▶ [Exercise description] Give the data again exactly as written, without any of its pictures.

▶ [Data]
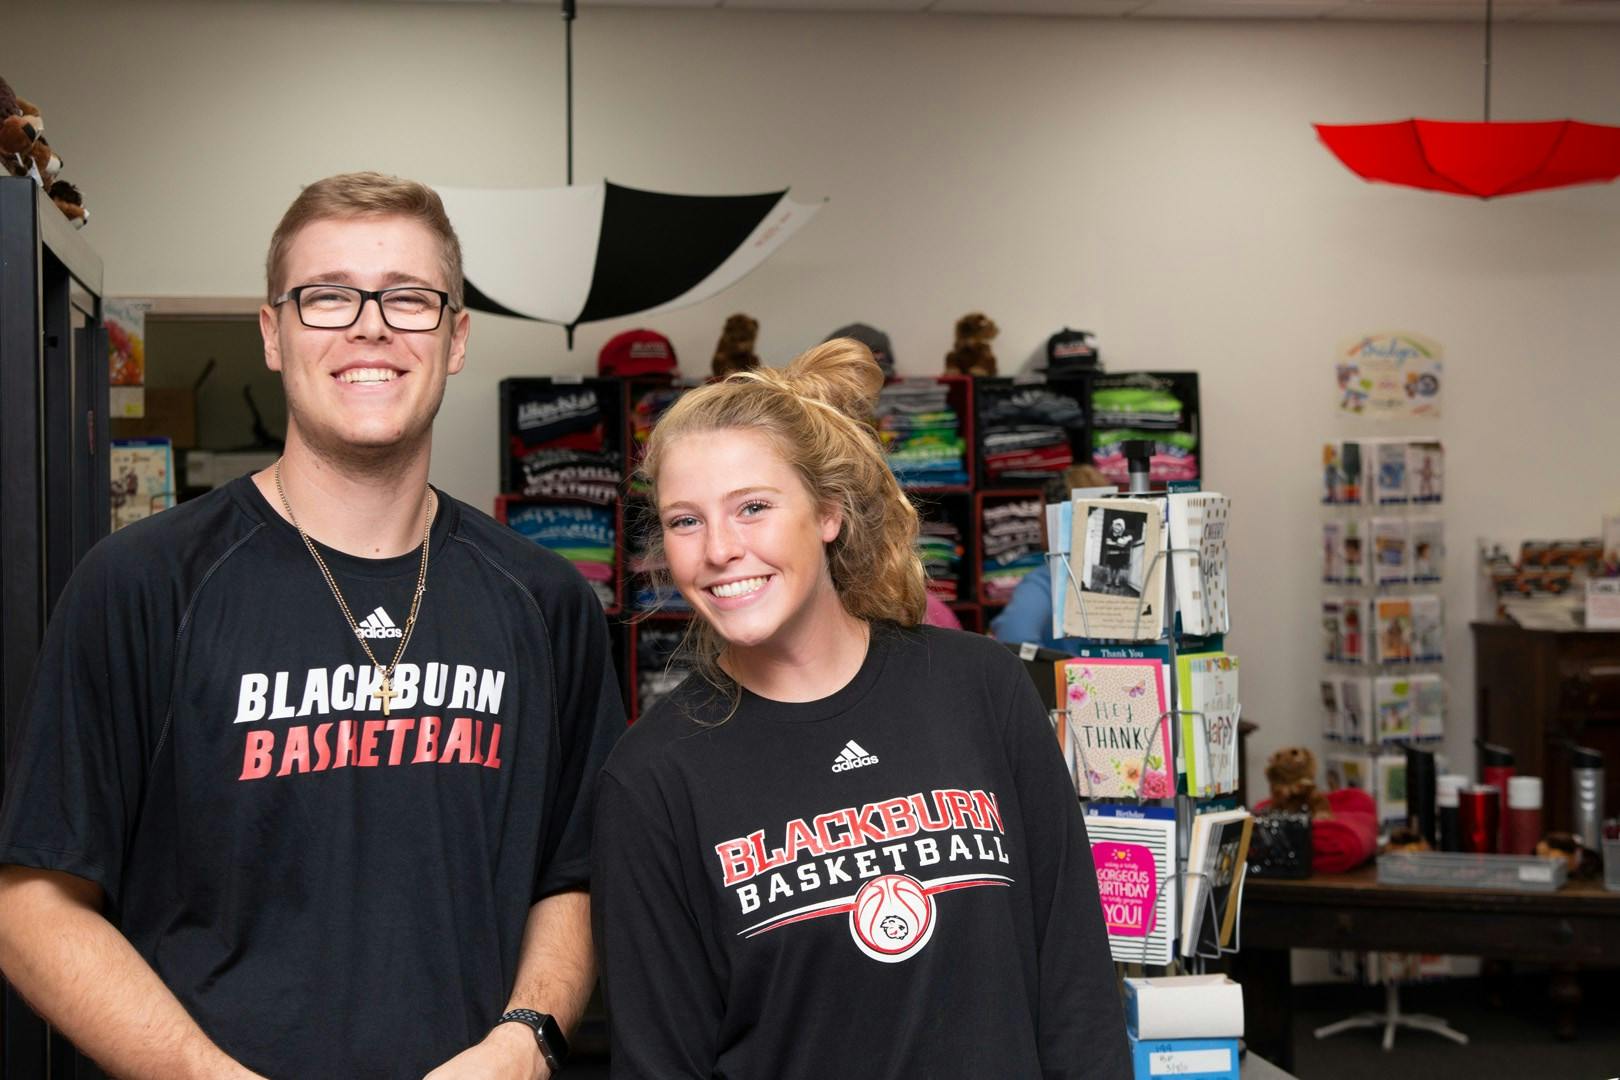 Two students wearing Blackburn College Basketball shirts.
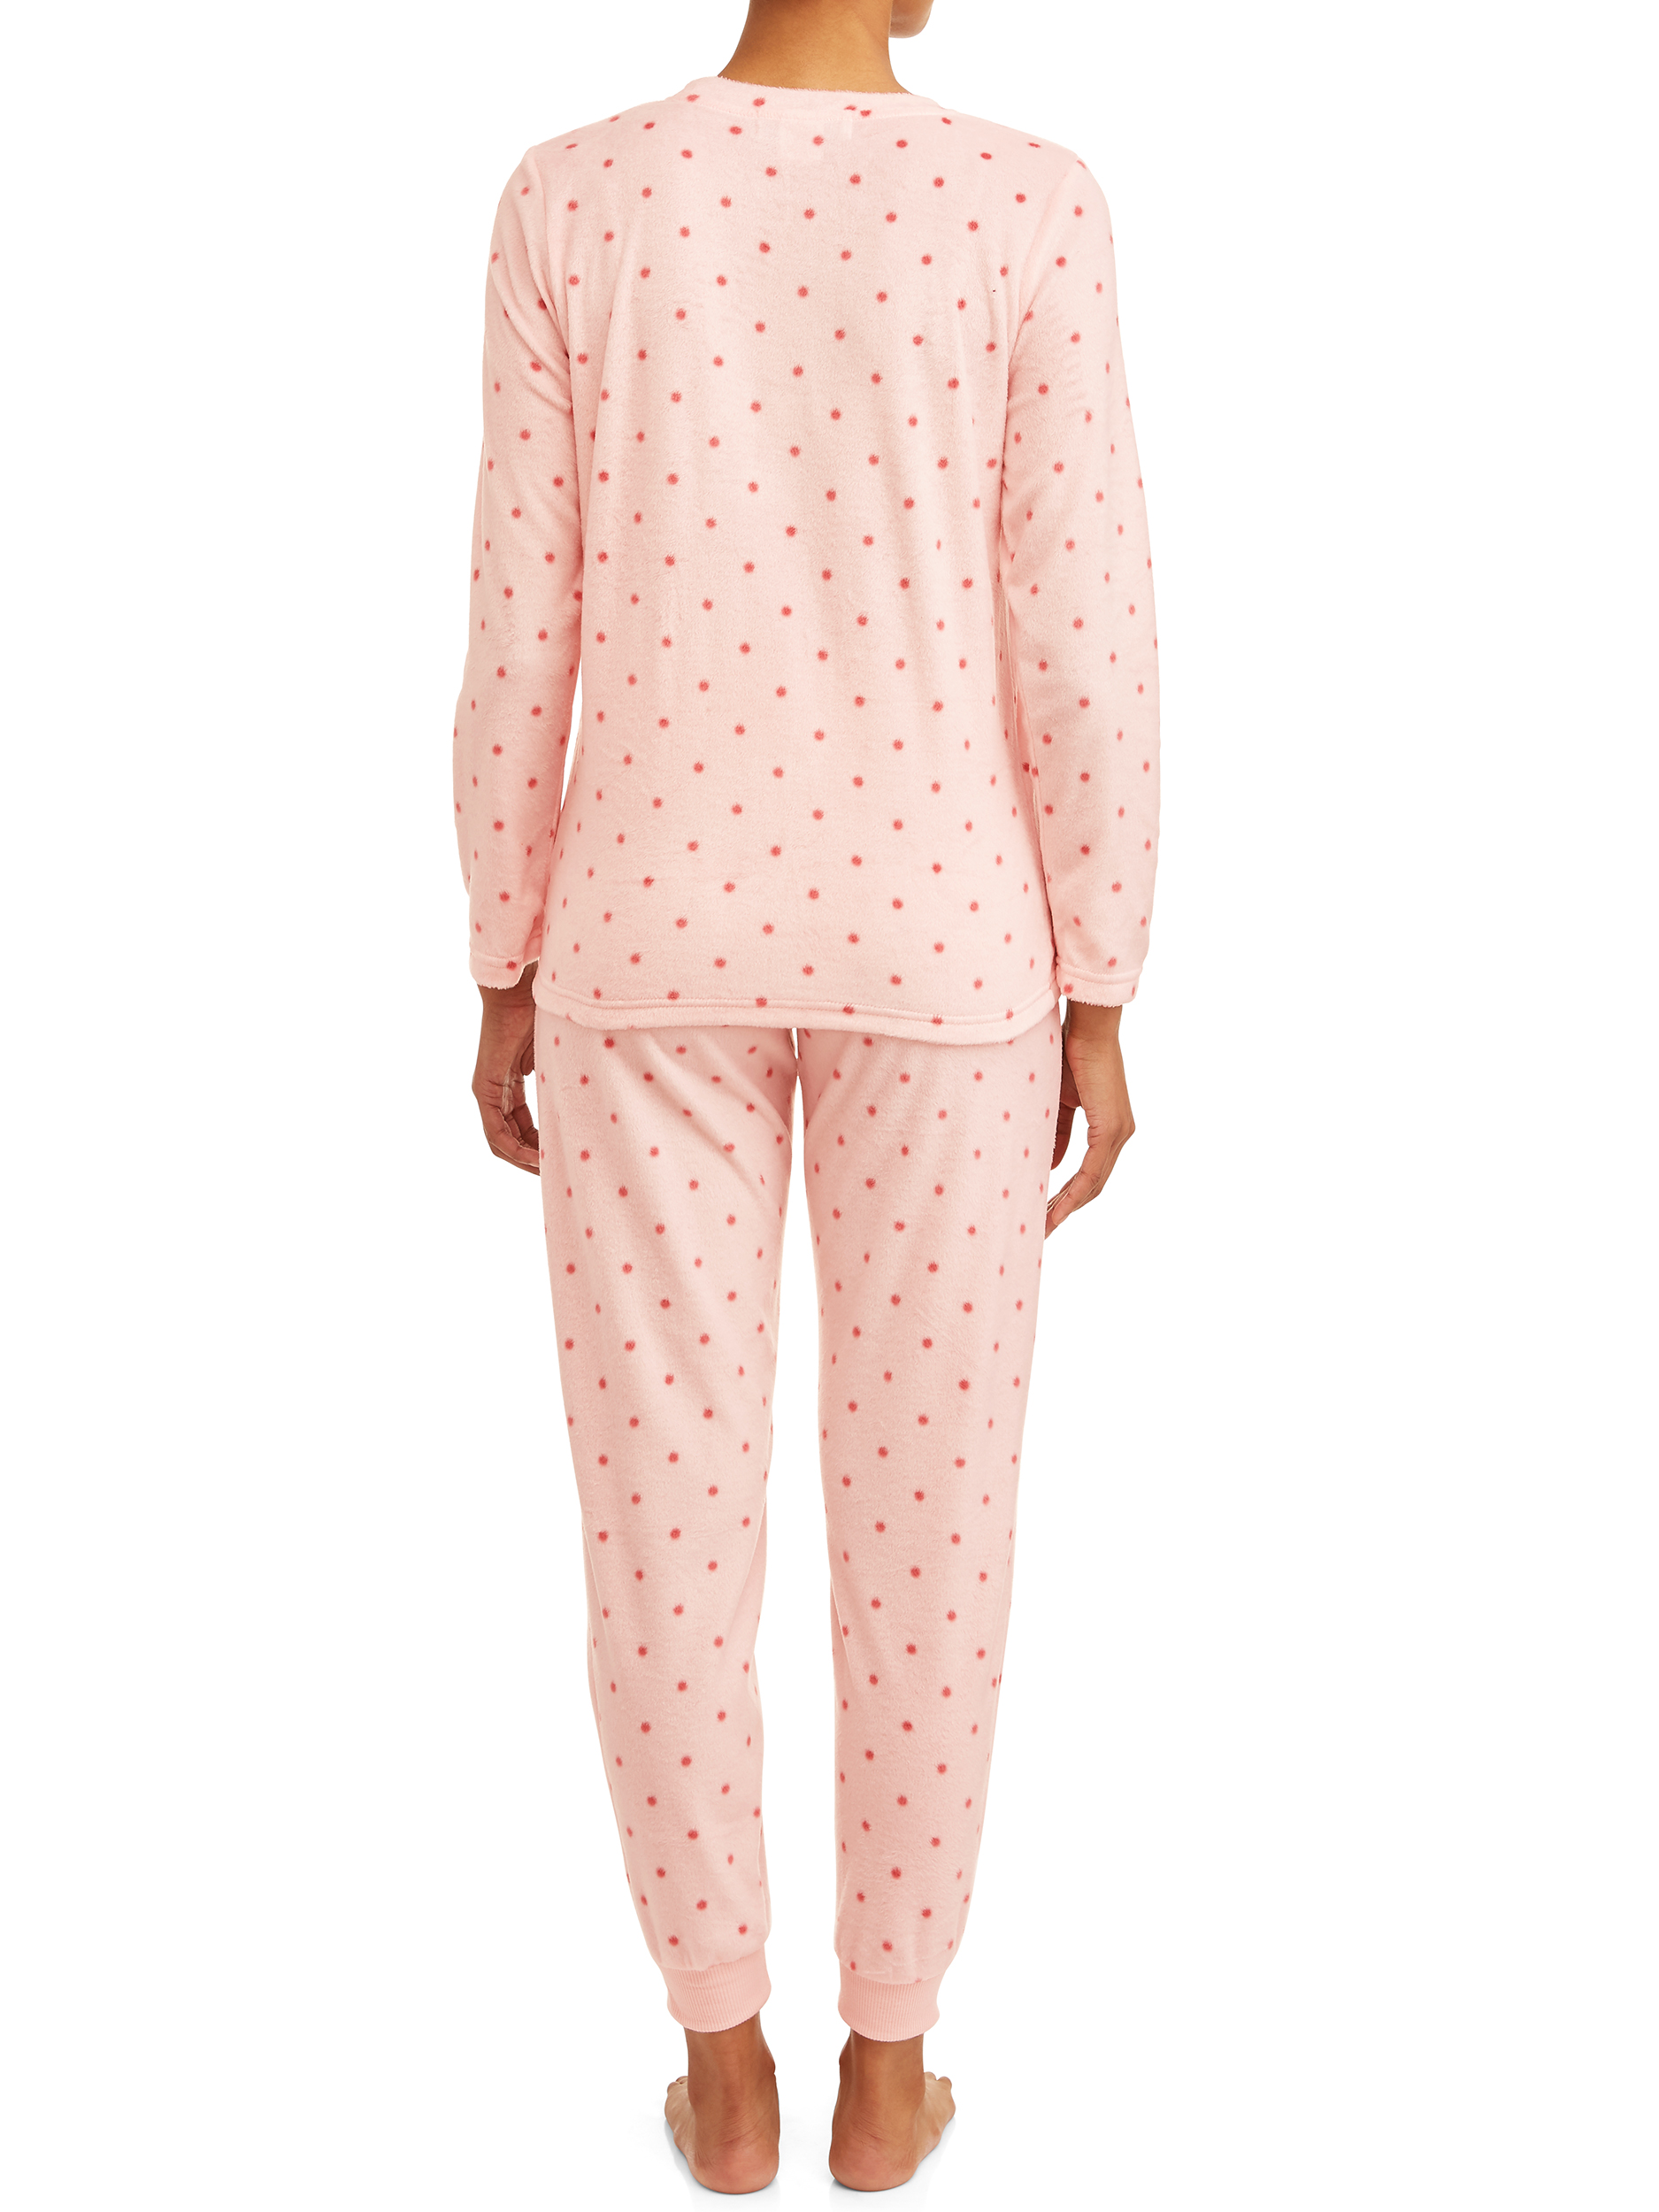 Cozy Critter Women's Super Plush Applique Character Pajama Set - image 3 of 3
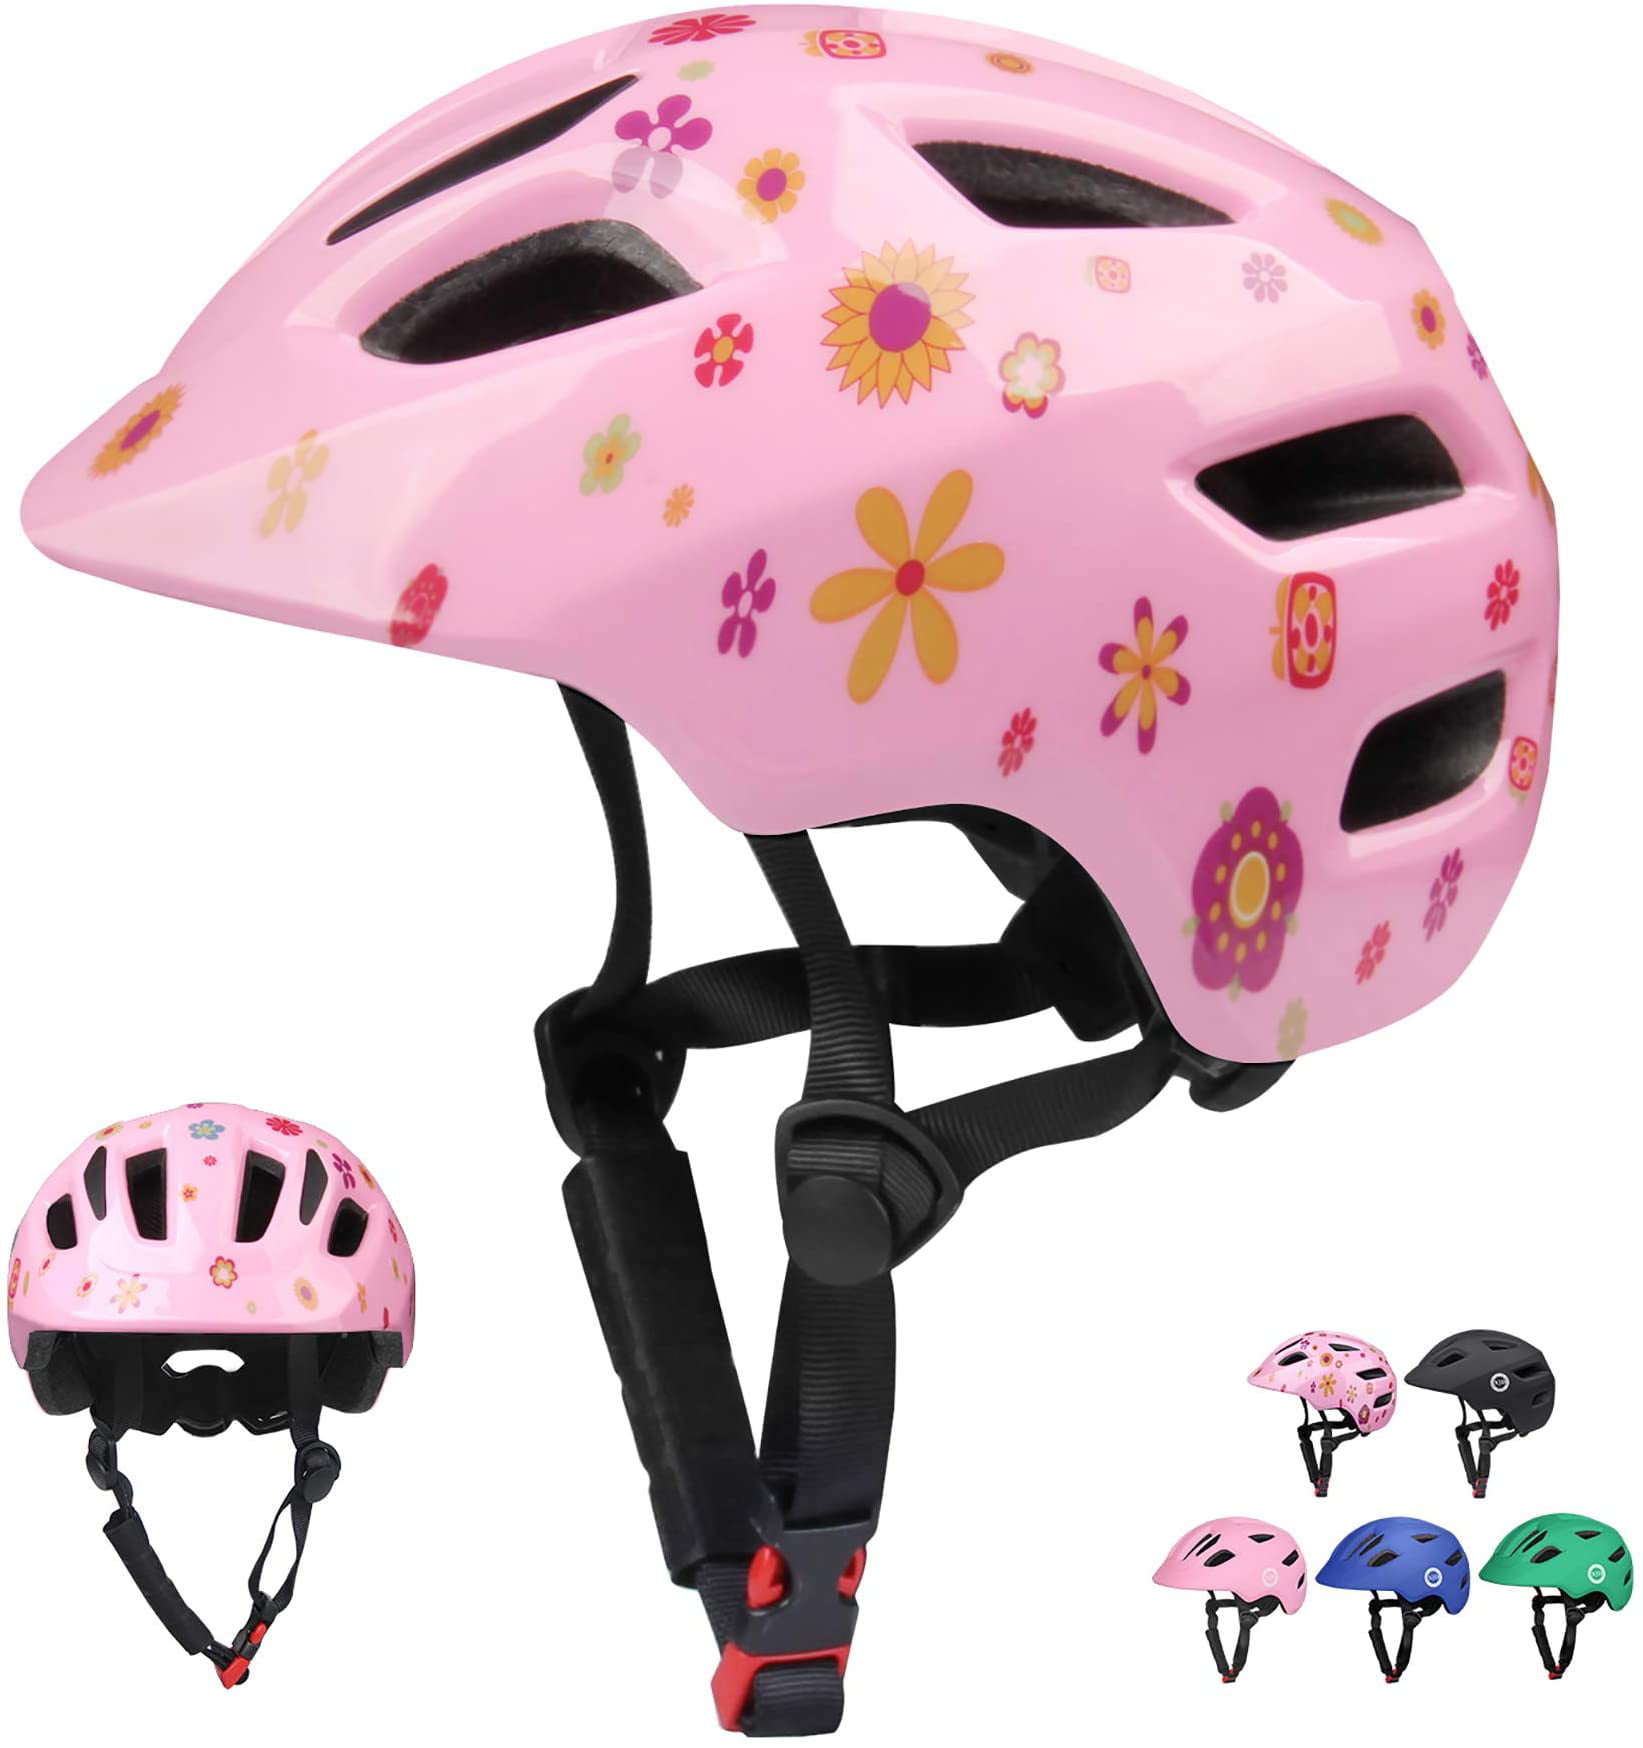 Kids Boys Girls Safety Helmet Bike Bicycle Skate Board Scooter Sport Adjustable

▶ [Solution below]
 Two students wearing Blackburn College Basketball shirts.
 Cozy Critter Women's Super Plush Applique Character Pajama Set - image 3 of 3
 Kids Boys Girls Safety Helmet Bike Bicycle Skate Board Scooter Sport Adjustable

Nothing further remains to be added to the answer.